Tout cela était évident lorsque le Département d'État des États-Unis a choisi Brubeck comme Ambassadeur du Jazz. Dans le mémo interne, le département a soutenu "aucun nom plus important ne pouvait être trouvé dans le domaine des combos de jazz" et, peut-être plus important encore, que le quartet était un "exposant majeur [du] jazz en tant que [forme musicale] sérieuse". Ainsi, Brubeck a inscrit son groupe pour une tournée à travers l'Europe de l'Est, l'Inde, le Moyen-Orient et l'Asie centrale pendant 1958, une tournée qui a profondément changé la trajectoire créative du groupe.
Wright a rejoint le groupe en tant que membre permanent au début de la tournée de 1958, absorbant tous les sons et cultures différents avec le reste du groupe. Brubeck s'est assuré de préserver ses souvenirs à travers la musique, écrivant des compositions inspirées par ses voyages en cours de route. La plupart de ces morceaux ont été dévoilés sur Jazz Impressions Of Eurasia, un album qui faisait délibérément référence à Jazz Impressions Of The U.S.A., un LP de l'année précédente. En raison de conflits d'emploi du temps, Wright n'a pas joué sur le LP — il avait un engagement avec Carmen McRae à la place — donc Jazz Impressions Of Eurasia n'a pas tout à fait le ressenti du classique Dave Brubeck Quartet, ni ne contient la composition qui a le mieux absorbé les rythmes turcs entendus lors de la tournée du groupe. Ce morceau, "Blue Rondo a La Turk", est devenu le centre d'attraction de Time Out, l'album de 1959 qui a propulsé Brubeck au rang de superstar et redéfini ce qu'il était capable d'accomplir en studio.

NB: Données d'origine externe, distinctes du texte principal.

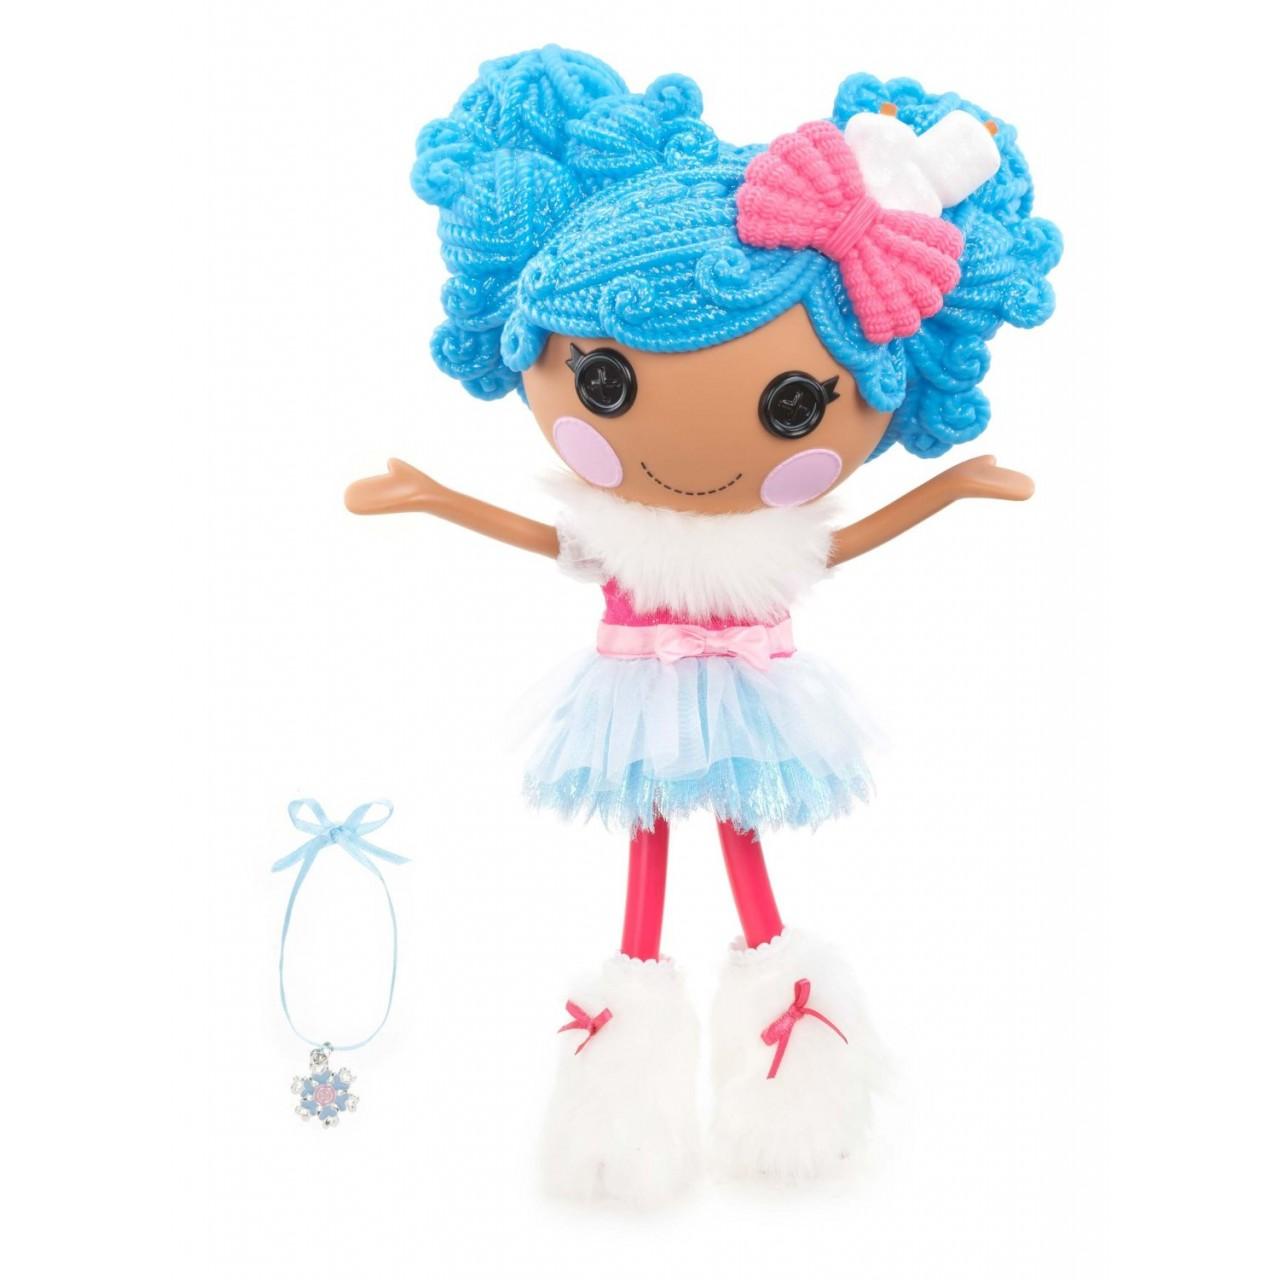 Кукла Lalaloopsy Lalabration большая - Снежинка

Time Out n'était pas simplement un succès dans les limites du jazz. Il a franchi le cap du grand public, passant un impressionnant 167 semaines dans le Billboard Top 200, tout cela grâce à "Take Five". Les rythmes turcs de "Blue Rondo a'la Turk" ont inspiré Brubeck à enregistrer un LP composé de signatures rythmiques variées et inattendues, et "Take Five" était basé sur un rythme de 5/4 posé par Joe Morello et façonné mélodiquement par Paul Desmond. "Take Five" est allé jusqu'à 25 dans le Top 40 de Billboard en 1961 — un succès sans précédent pour une pièce de jazz aussi aventureuse. Pourtant cela a également cristallisé l'attrait du groupe : ils faisaient paraître la complexité confortable, voire douillette.
À la suite de Time Out, le Dave Brubeck Quartet est entré en surmultipliée, sortant plusieurs albums par an et jouant devant des publics du monde entier. Parmi les marchés internationaux se trouvait le Japon. Le jazz a commencé à prospérer au Japon après la Seconde Guerre mondiale, en partie en raison des soldats américains stationnés dans le pays qui avaient soif d'entendre de la musique de chez eux. Les citoyens japonais ont également développé un appétit pour la musique américaine ; ce n'était pas une rue à sens unique. L'Amérique a également été fascinée par la culture asiatique pendant les années 1950, ce qui a donné lieu à des blockbusters comme le film Sayonara de Marlon Brando en 1957 et l'adaptation de 1958 de la comédie musicale de Rodgers et Hammerstein de 1949 South Pacific. Tout cela s'est produit pendant la montée des événements menant à l'entrée d'Hawaiʻi en tant qu'État en 1959, et les ambiances insulaires des bars tiki pouvaient toutes être entendues sur les disques de la superstar de la musique d'écoute facile Martin Denny, qui appelait sa musique aérienne et atmosphérique "exotica".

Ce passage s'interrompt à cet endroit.